Husain, Penghulu CPNS di KUA Wangon yang menjadi salah satu inisiator pemanfaatan teknologi ini, menyampaikan bahwa adaptasi digital adalah keharusan bagi instansi pelayan publik. Menurutnya, pemanfaatan barcode bukan sekadar mengikuti tren, melainkan upaya serius untuk memastikan pesan-pesan bimbingan keluarga sampai ke tangan calon pengantin dengan cara yang lebih relevan dan tidak membosankan.
"Kami ingin meninggalkan cara-cara lama yang kaku. Melalui scan barcode ini, literasi pra nikah menjadi lebih fleksibel, bisa dibaca di mana saja dan kapan saja oleh pasangan calon pengantin.

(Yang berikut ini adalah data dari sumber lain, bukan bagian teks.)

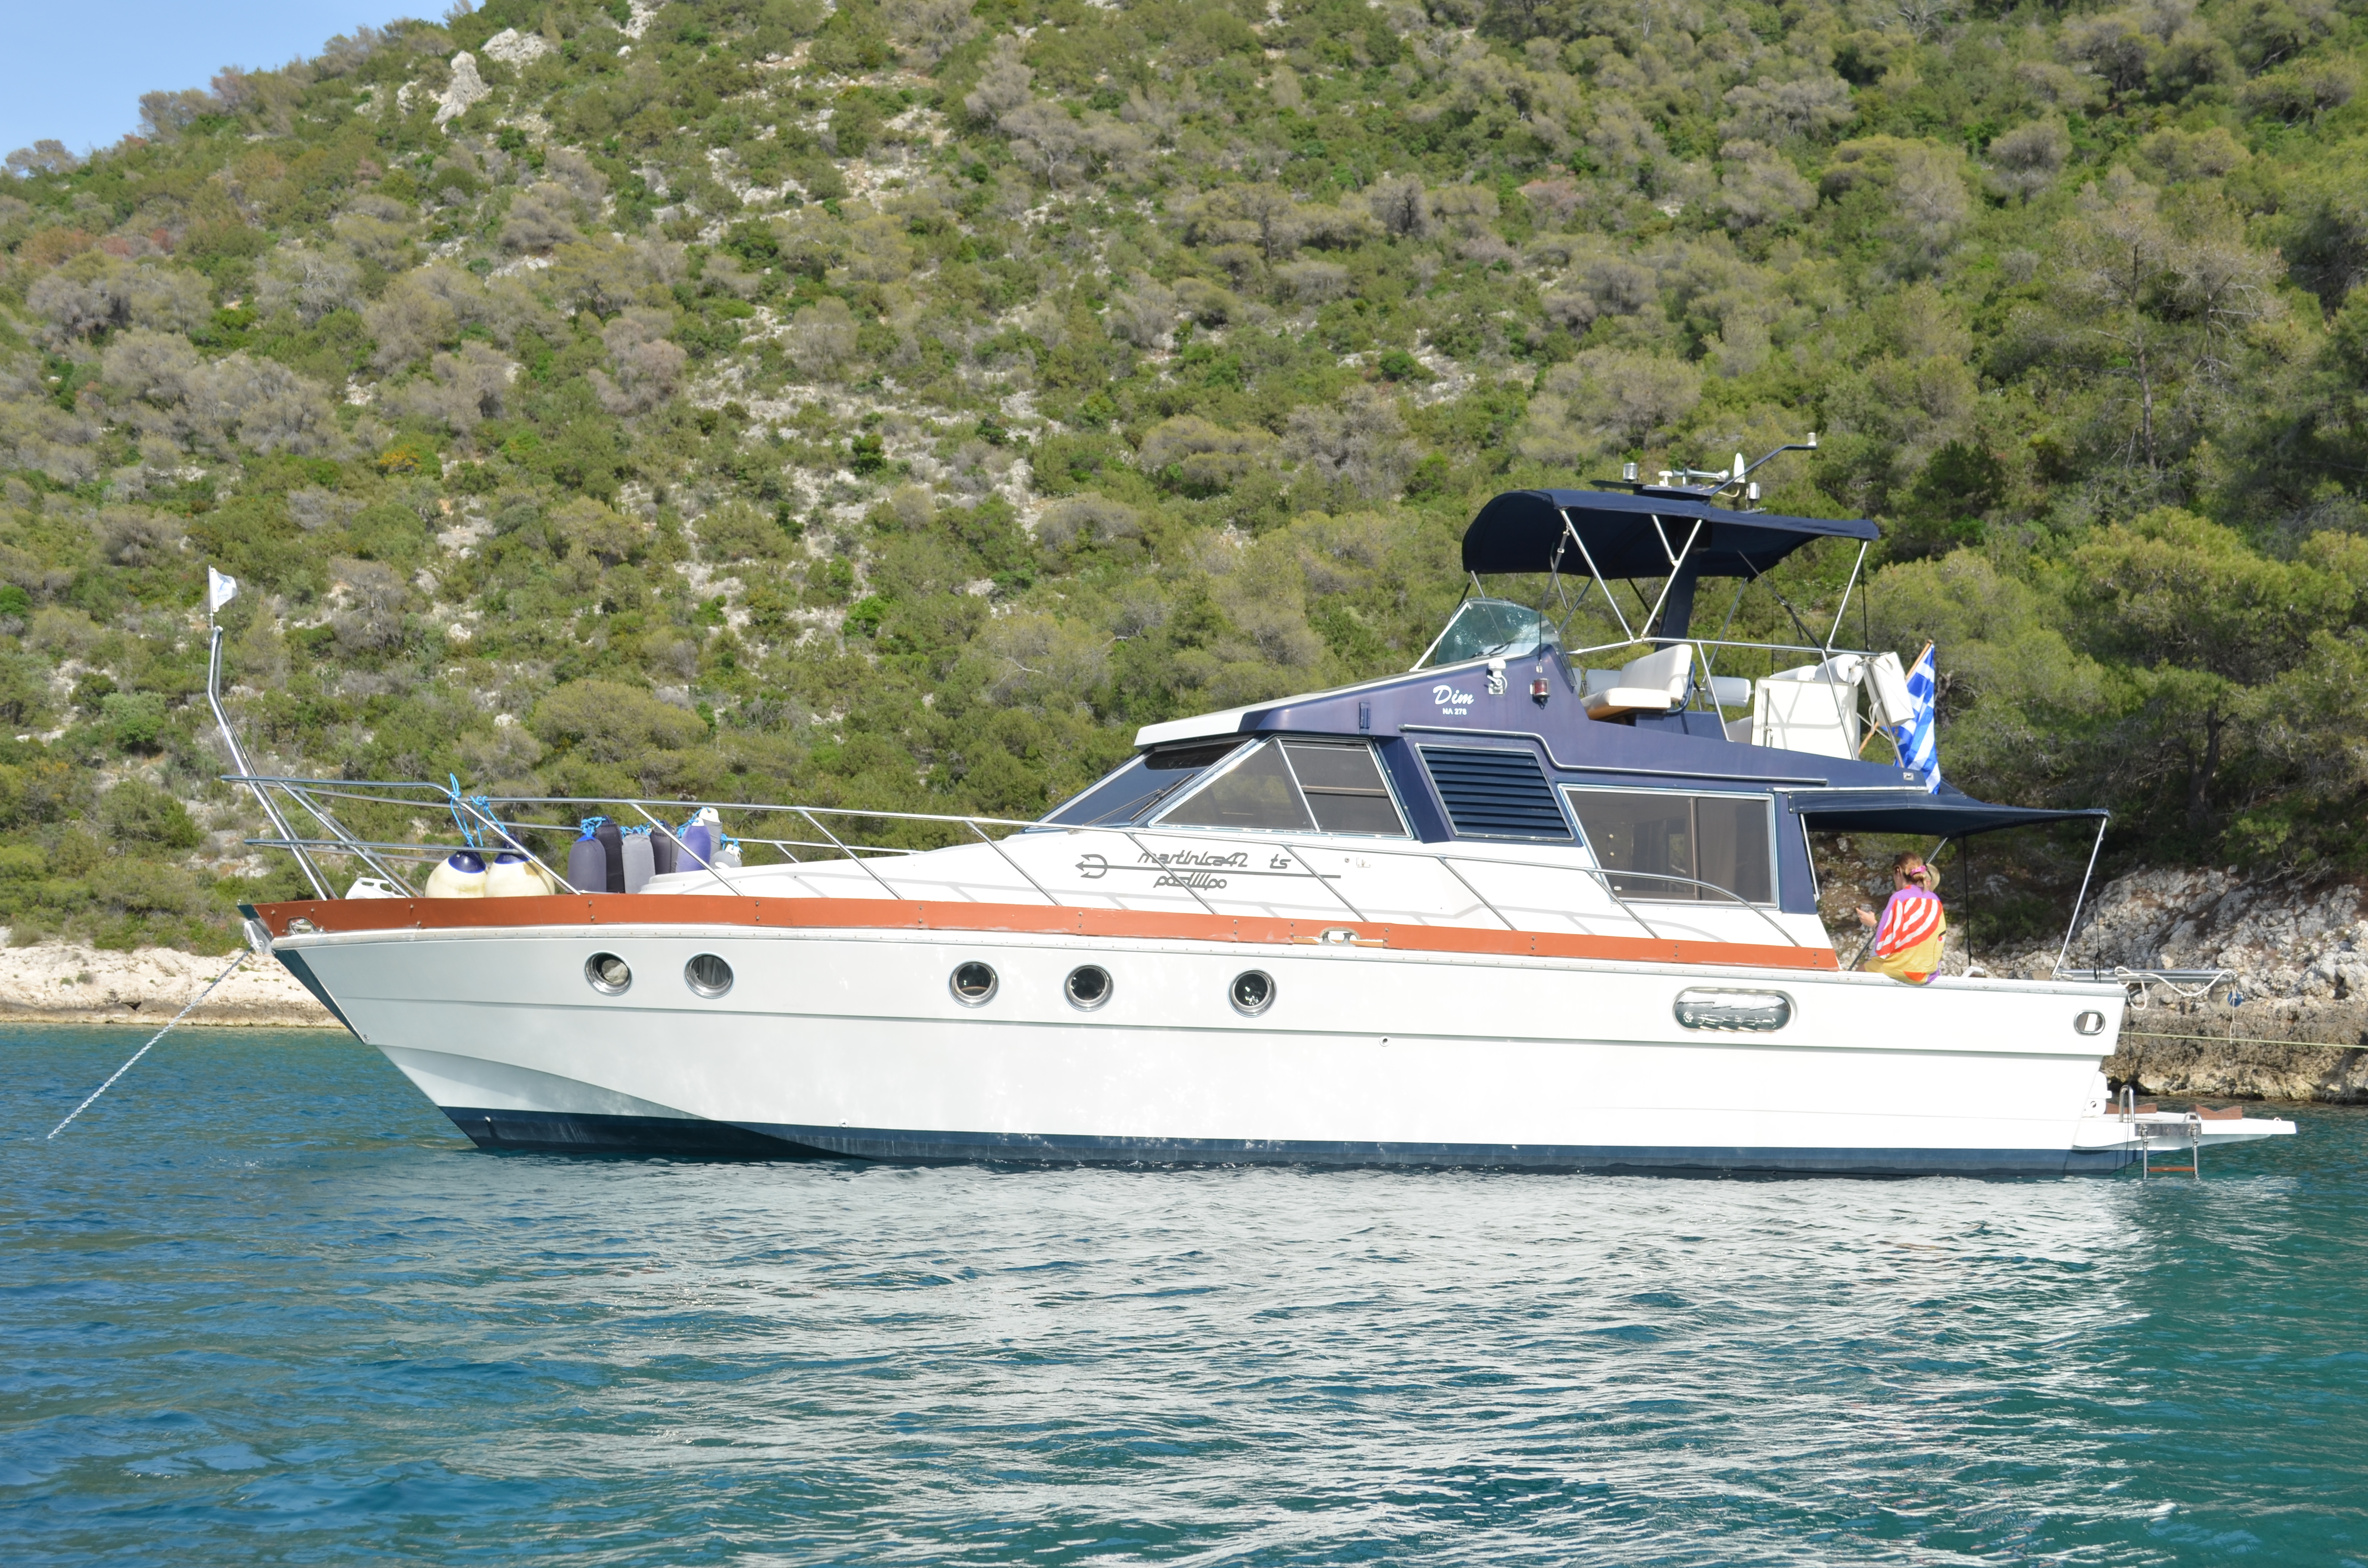 Martinica 42 TS - Gulet charter Greece & Boat hire in Greece Athens and Saronic Gulf Isthmia Isthmia 2

Sebagai aparatur muda, saya melihat potensi besar digitalisasi untuk menyentuh aspek edukasi yang selama ini mungkin kurang tersampaikan maksimal secara tatap muka karena keterbatasan waktu operasional kantor," jelas Husain.
Tuyan, seorang calon pengantin asal Desa Randegan yang akan mengikuti bimbingan pra nikah, merasa sangat terbantu dengan adanya inovasi ini. Ia menilai sistem ini sangat sesuai dengan kebutuhan anak muda yang sudah terbiasa dengan teknologi dalam aktivitas sehari-hari.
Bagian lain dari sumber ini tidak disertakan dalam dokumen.